Pada Minggu (30/8/2026) mulai pukul 08.00 WIB, tim gabungan melaksanakan pengecekan, pemantauan dan pendinginan di lokasi Karhutla yang berada di Kecamatan Talang Muandau, Kabupaten Bengkalis.
Lahan yang terdampak kebakaran diperkirakan mencapai ±12 hektare. Kondisi api di lokasi telah padam setelah diguyur hujan, namun masih terdapat asap sehingga petugas melakukan pendinginan untuk memastikan tidak ada potensi munculnya kembali titik api.
Sebanyak 70 personel gabungan dikerahkan dalam kegiatan tersebut, terdiri dari BPBD Talang Muandau, TRC BPBD Kabupaten Bengkalis, TNI, Polri, MPB Desa Tasik Tebing Serai, BBKSDA, Camat Talang Muandau-Regadam serta Pemerintah Desa Tasik Tebing Serai.

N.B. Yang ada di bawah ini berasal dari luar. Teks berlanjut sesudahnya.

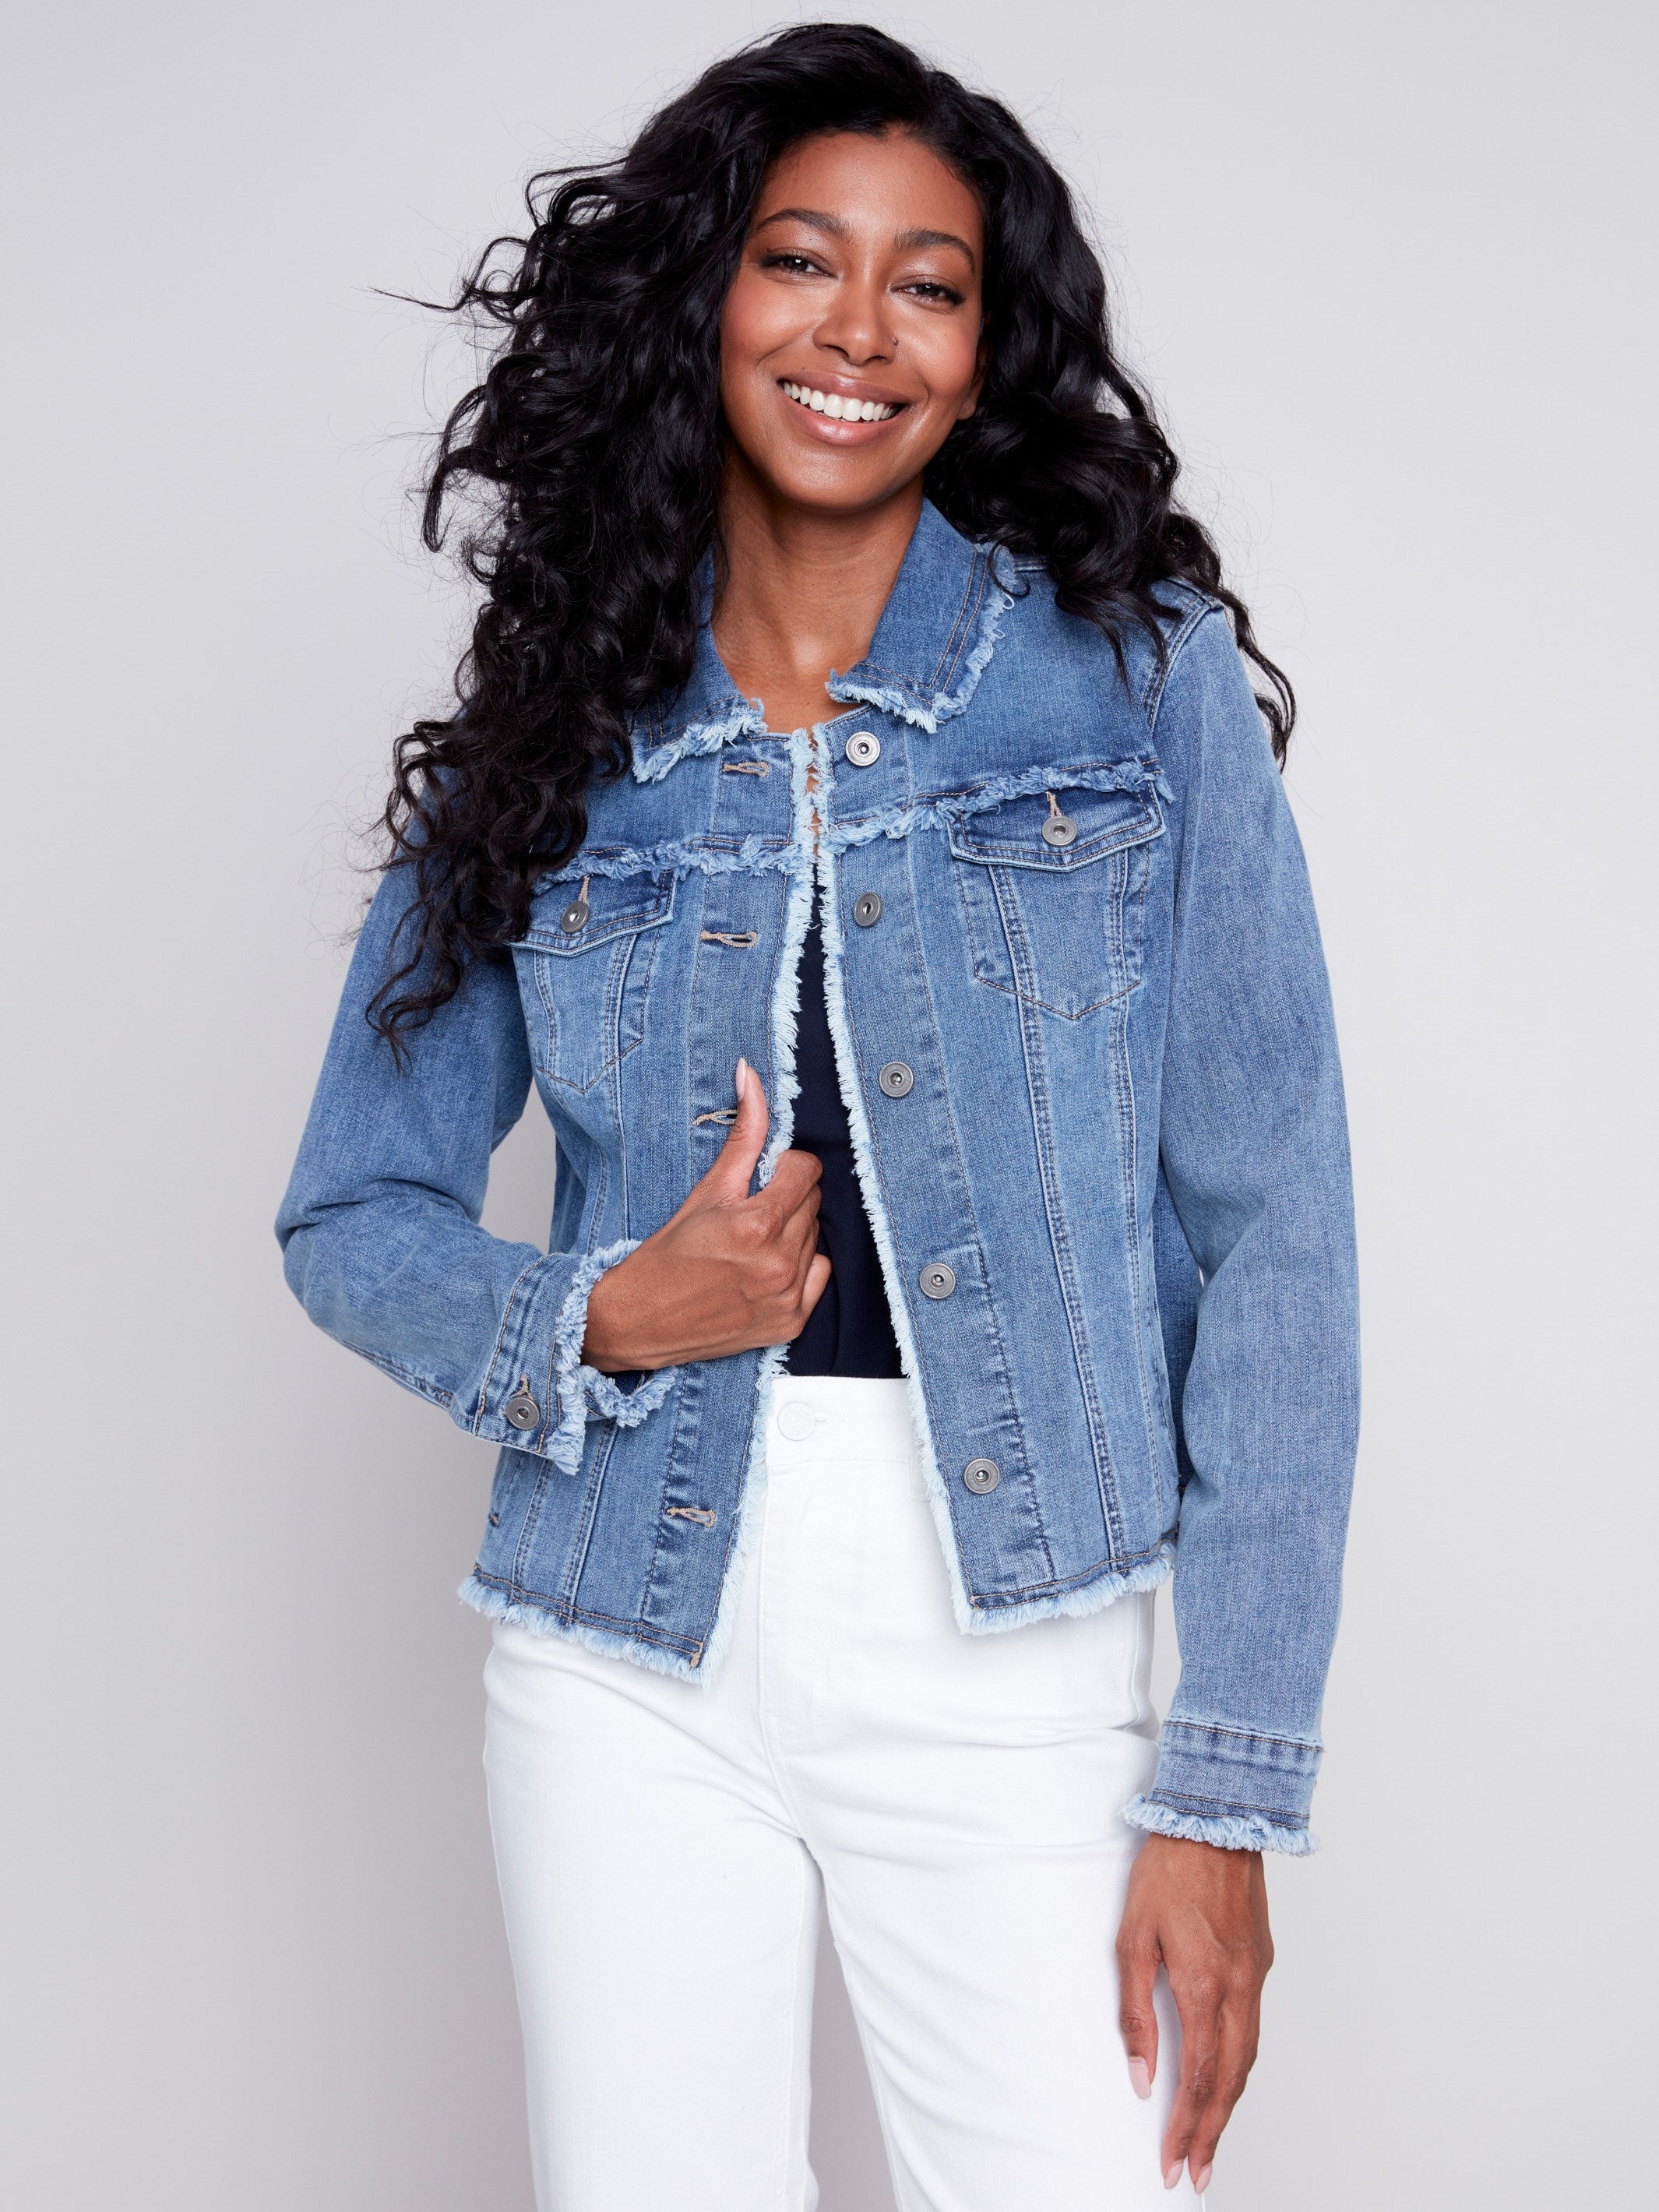 Jean Jacket with Frayed Edges - Medium Blue - Charlie B Collection Canada - Image 1

Petugas juga mengerahkan sejumlah peralatan pemadaman dan pendinginan, seperti mesin mini striker, selang, nozzle dan selang isap dari BPBD, MPB maupun Polri.
Selain melakukan pendinginan dan pembasahan lahan, tim gabungan juga melakukan verifikasi titik panas melalui Dashboard Lancang Kuning, sekaligus melakukan pemantauan untuk memastikan kondisi di lokasi tetap aman.
Polres Bengkalis bersama seluruh unsur terkait berkomitmen untuk terus meningkatkan pemantauan dan penanganan Karhutla guna mencegah munculnya kembali titik api serta menjaga lingkungan dan keselamatan masyarakat.
Selama kegiatan berlangsung, situasi di lokasi aman dan terkendali.